In Part 1 of this post, we began by generally introducing the steps needed to verify the correctness of programs in a language verification framework, such as K and Coq. We then described how the first step, defining language syntax and program structure, can be accomplished in both K and Coq for our working example program SUM in the language IMP, highlighting the main differences between the two frameworks.

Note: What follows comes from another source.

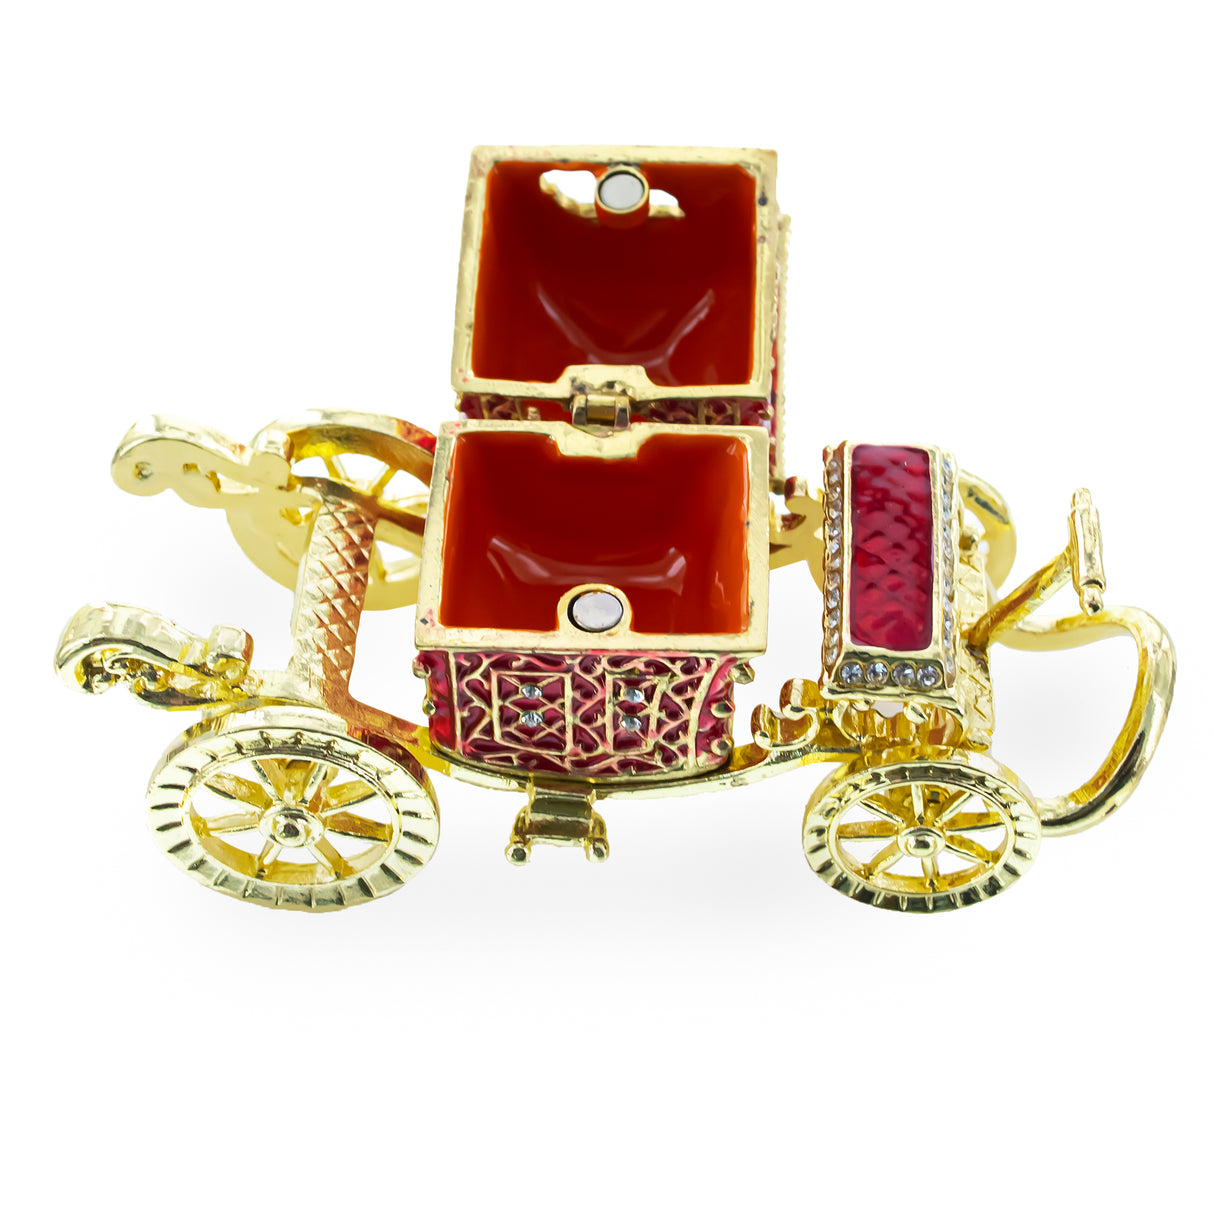 Coronation Coach Jewelry Trinket Box Figurine ,dimensions in inches: 2.8 x 4.4 x 4.41
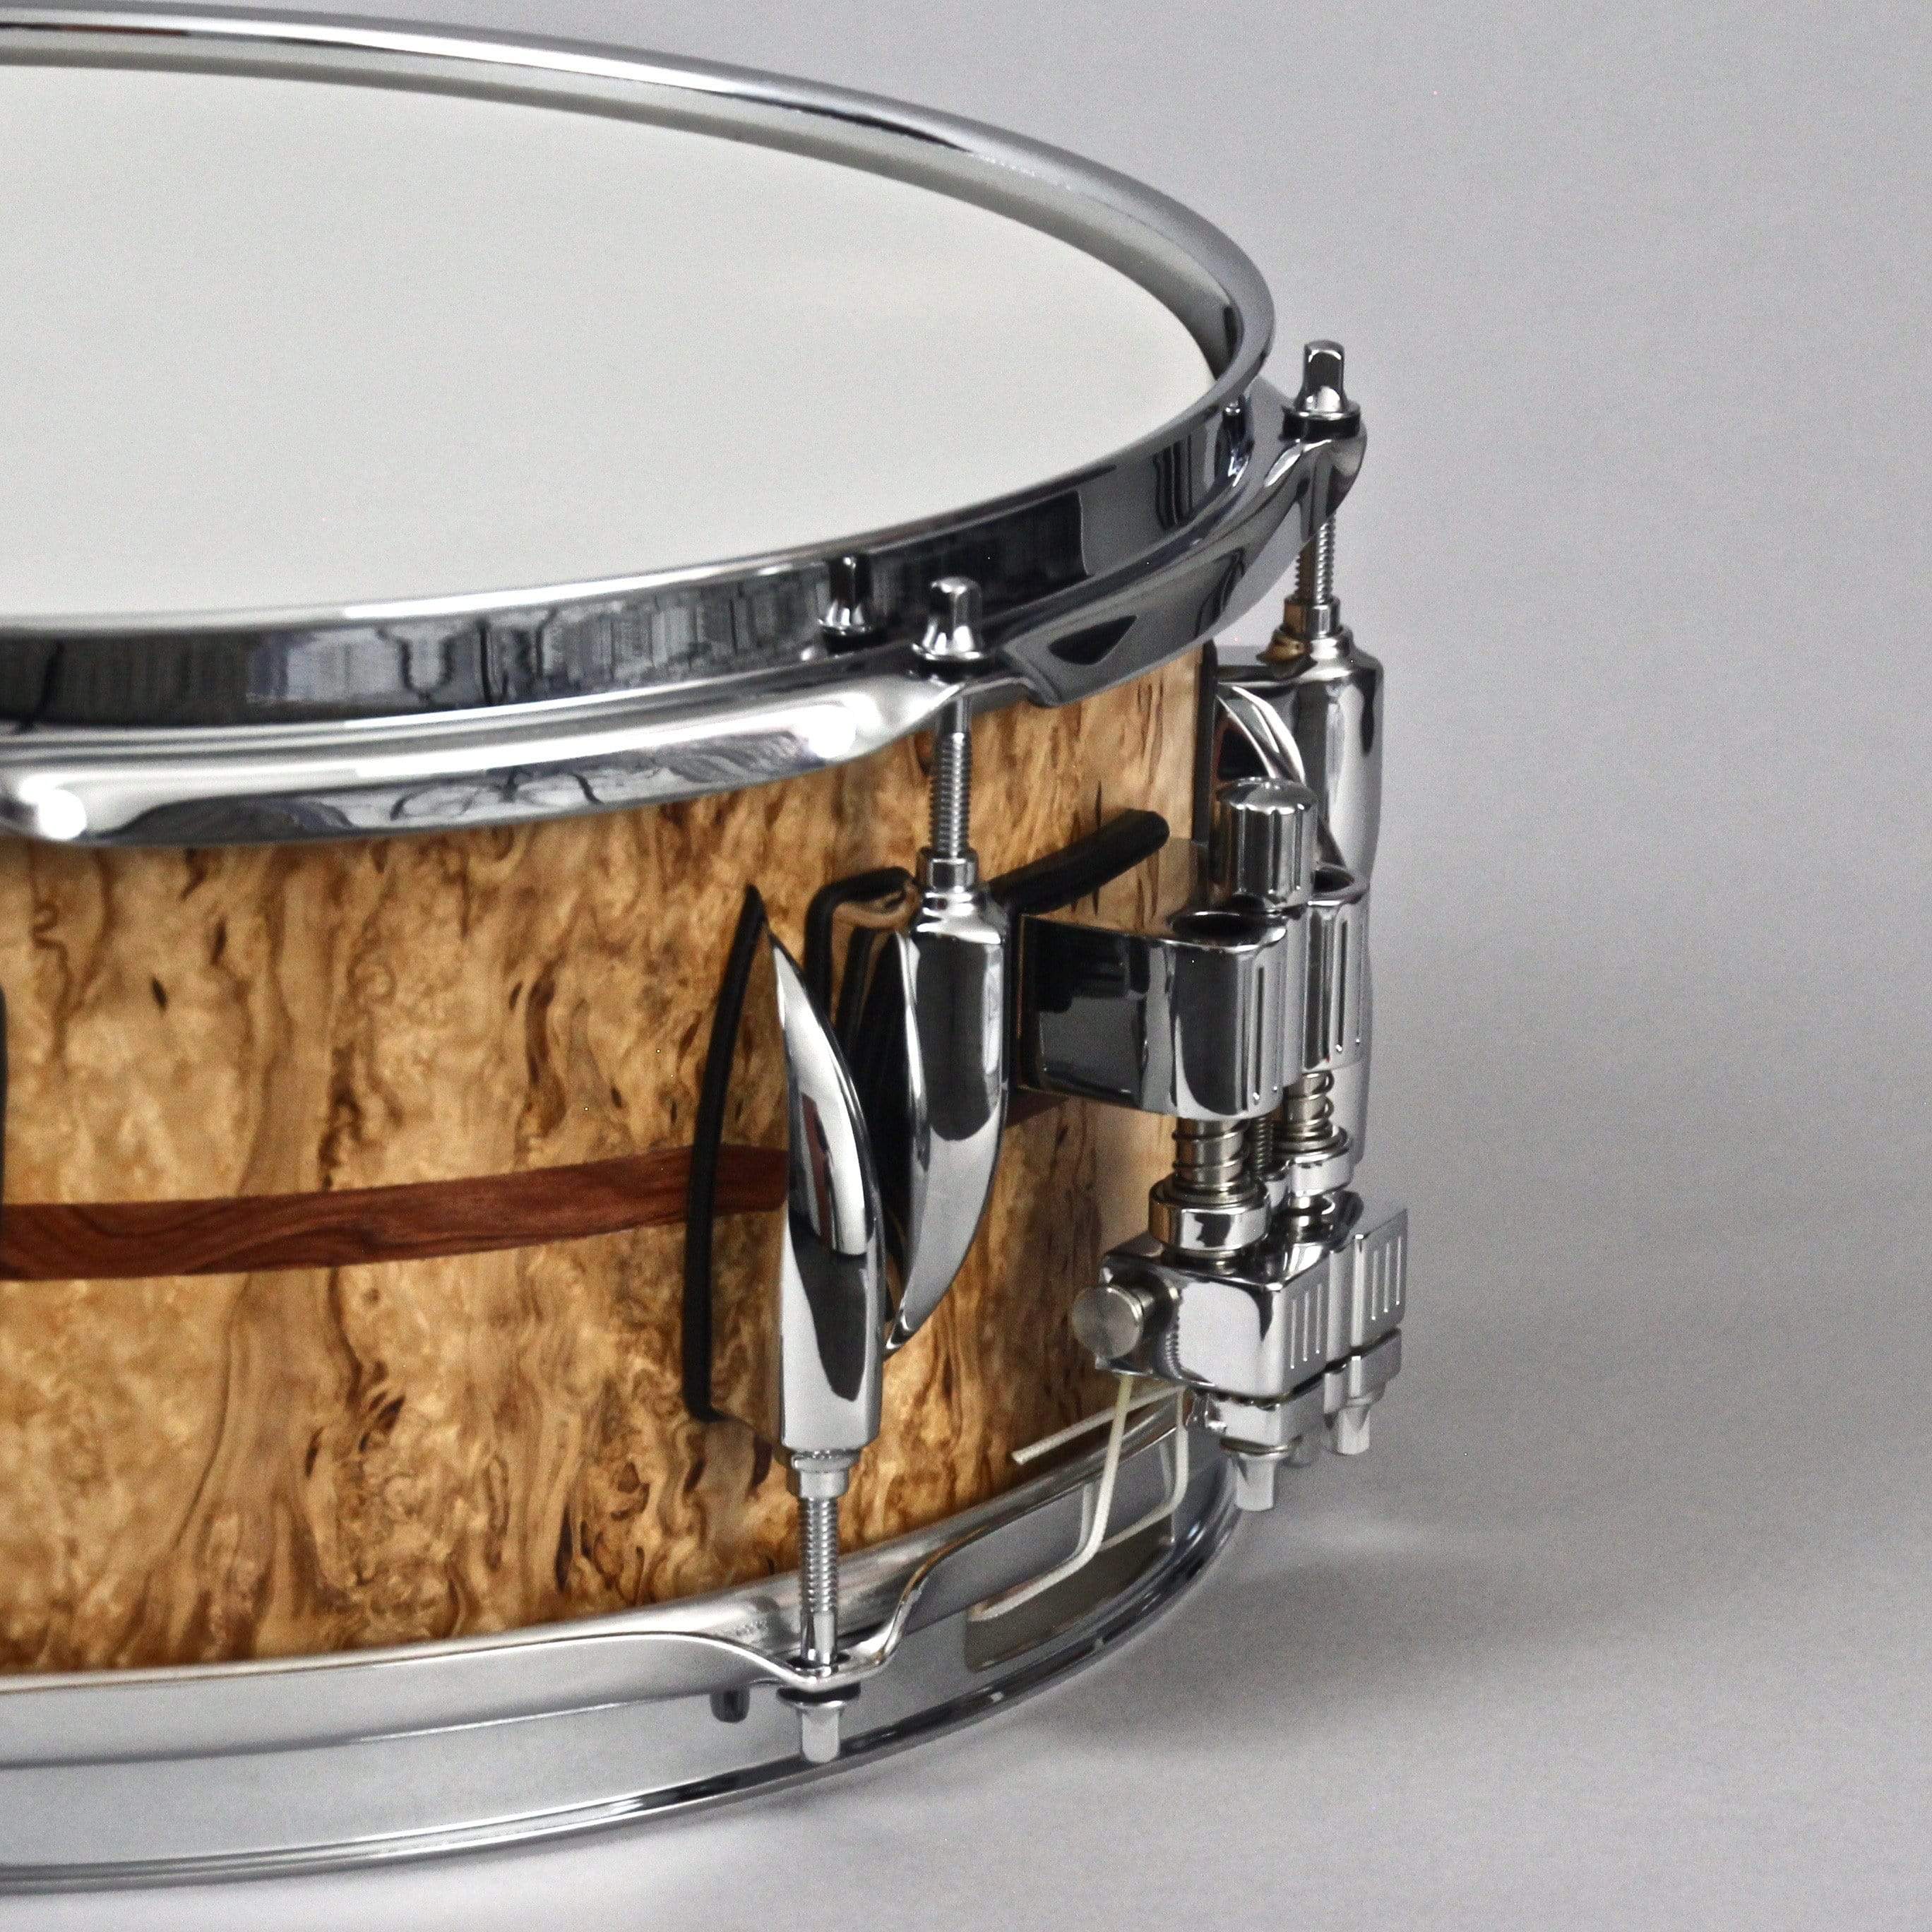 Sonor Benny Greb Signature Snare Drum 2.0 Beech 13

In this second part of the post, we build on the definitions introduced in the previous part and describe how the semantics of the language and testing the semantics, the second step in the process, can be achieved in K and Coq using the same example SUM. Part 3 of the series explains how the third step (specifying and verifying properties) can be done.
The second step in defining a formal model L of a language is to give formal semantics to its constructs. Below, we define the semantics of the language IMP.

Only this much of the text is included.